DWJDB
- Thomasville, Alabama; United States;
- Frequency: 630 kHz

Programming
- Format: Defunct

Ownership
- Owner: Griffin Broadcasting Corporation
- Sister stations: WJDB-FM

History
- First air date: July 16, 1956
- Last air date: March 5, 2016
- Call sign meaning: Joel Dige Bishop (station founder)

Technical information
- Facility ID: 25379
- Class: D
- Power: 1,000 watts (day) 49 watts (night)
- Transmitter coordinates: 31°52′58″N 87°44′42″W﻿ / ﻿31.88278°N 87.74500°W

= WJDB (AM) =

WJDB (630 AM) was an American radio station licensed to serve Thomasville, Alabama. The station, the only AM station licensed to Thomasville, was owned by Griffin Broadcasting Corporation. Griffin Broadcasting also owns Thomasville's WJDB-FM.

It aired an adult hits music format.

==History==
The station was assigned the "WJDB" call sign by the Federal Communications Commission.

In November 1990, licensee WJDB Radio, Inc., reached an agreement to sell this station to Griffin Broadcasting Corporation.
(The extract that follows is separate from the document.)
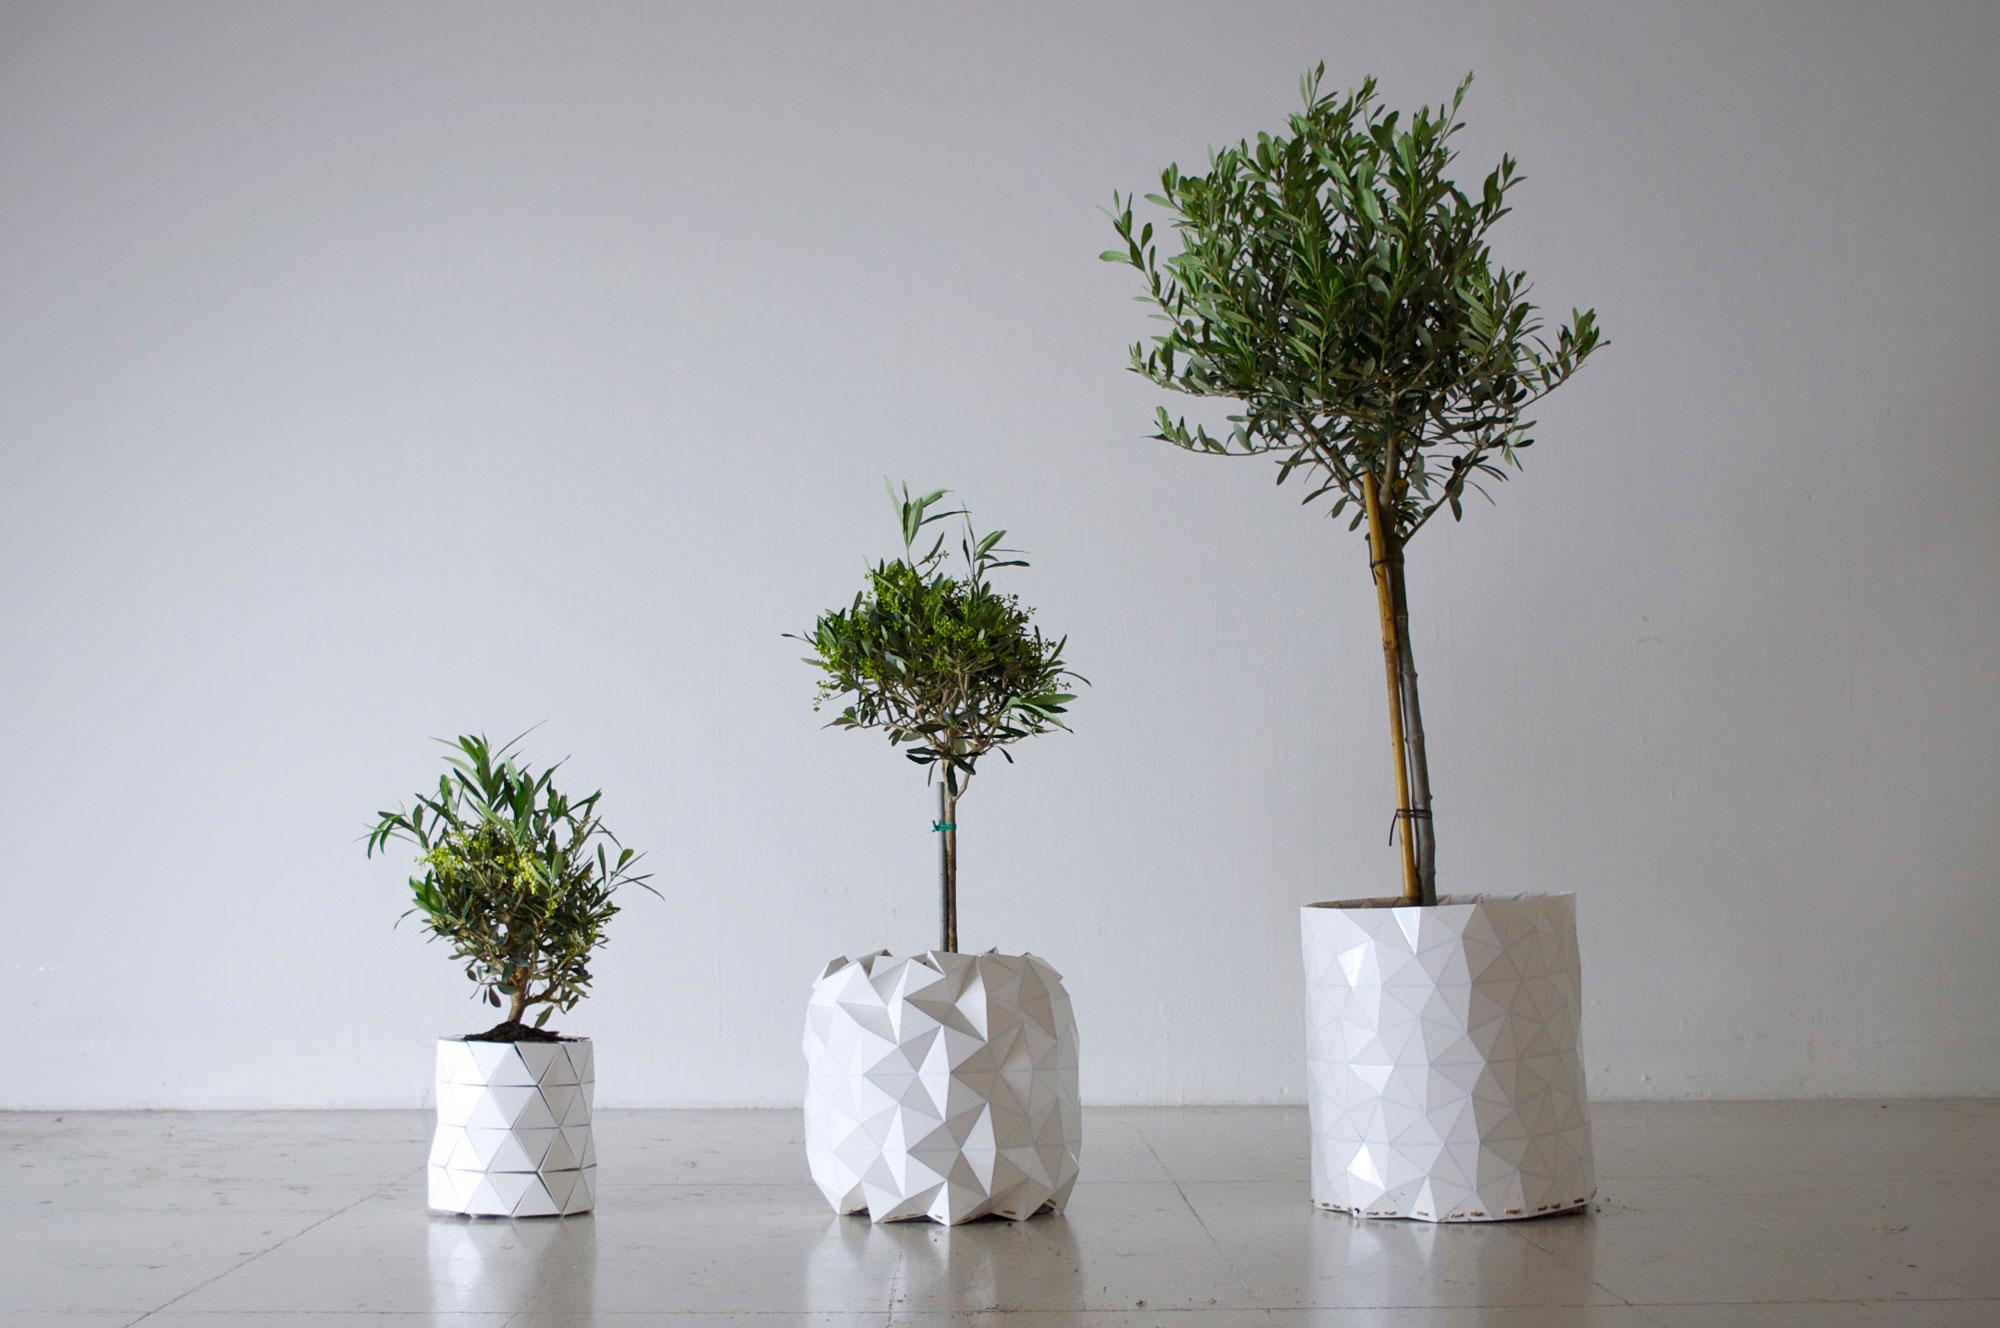 Studio-Ayaskan-Growth-Origami-Planter6
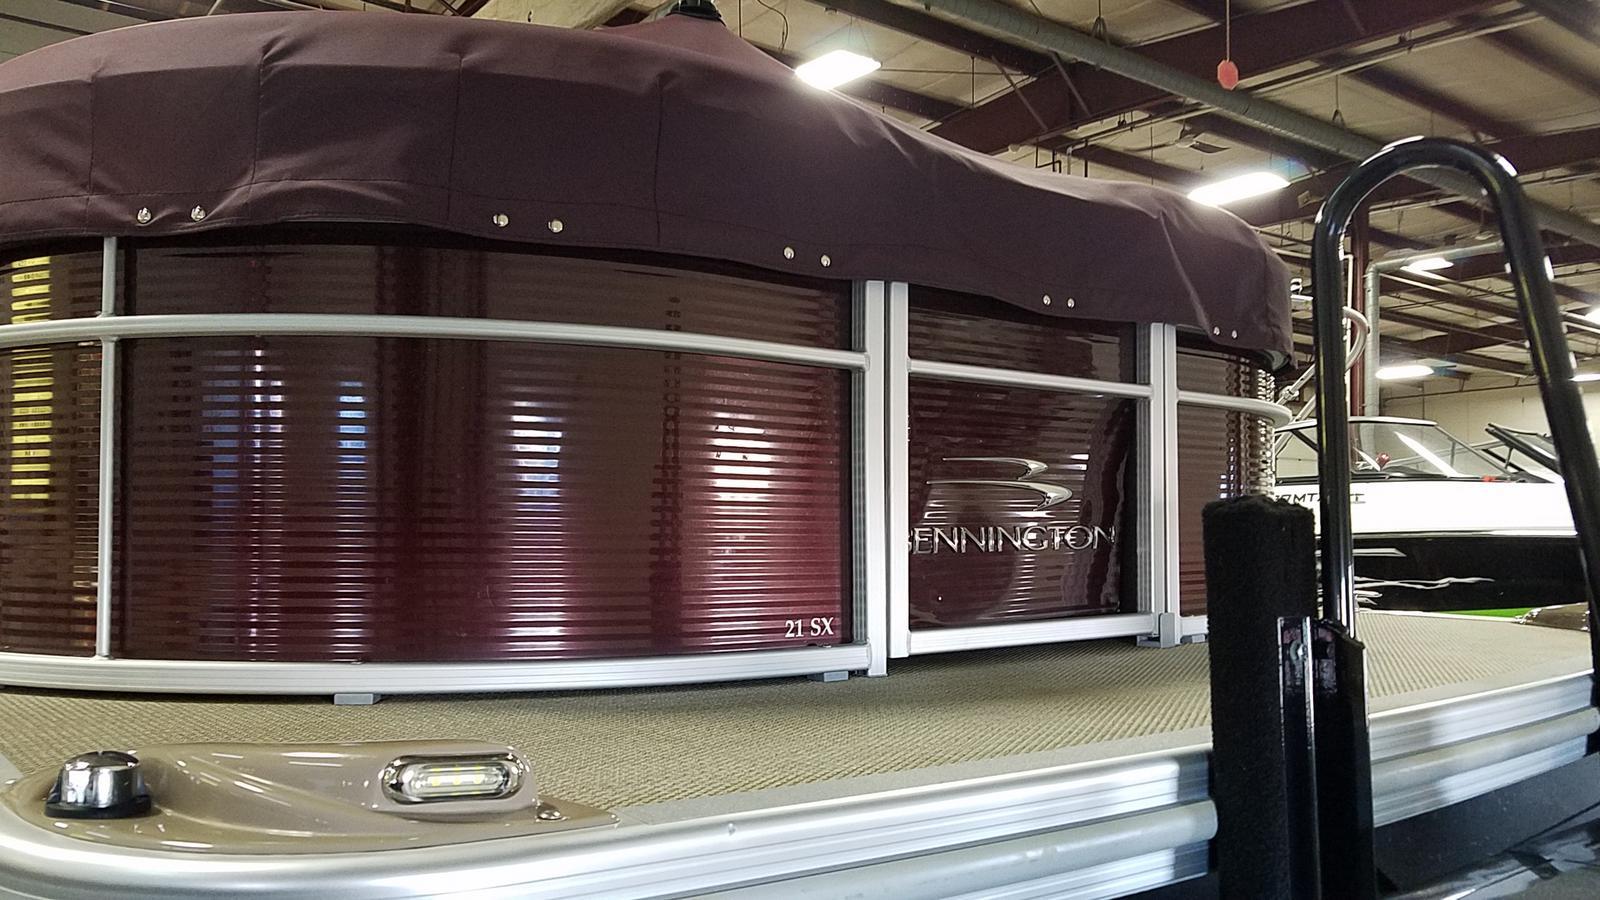 2019 Bennington boat for sale, model of the boat is 21 SLX & Image # 4 of 15

The deal was approved by the FCC on January 4, 1991, and the transaction was consummated on January 31, 1991.

This station was reported silent in December 2011. (Taken from Alabama Broadcast Media Page) On May 17, 2017, the FCC informed WJDB that, as the station had been silent since at least March 5, 2016, it was in the process of cancelling the station's license; the license was canceled on June 29, 2017.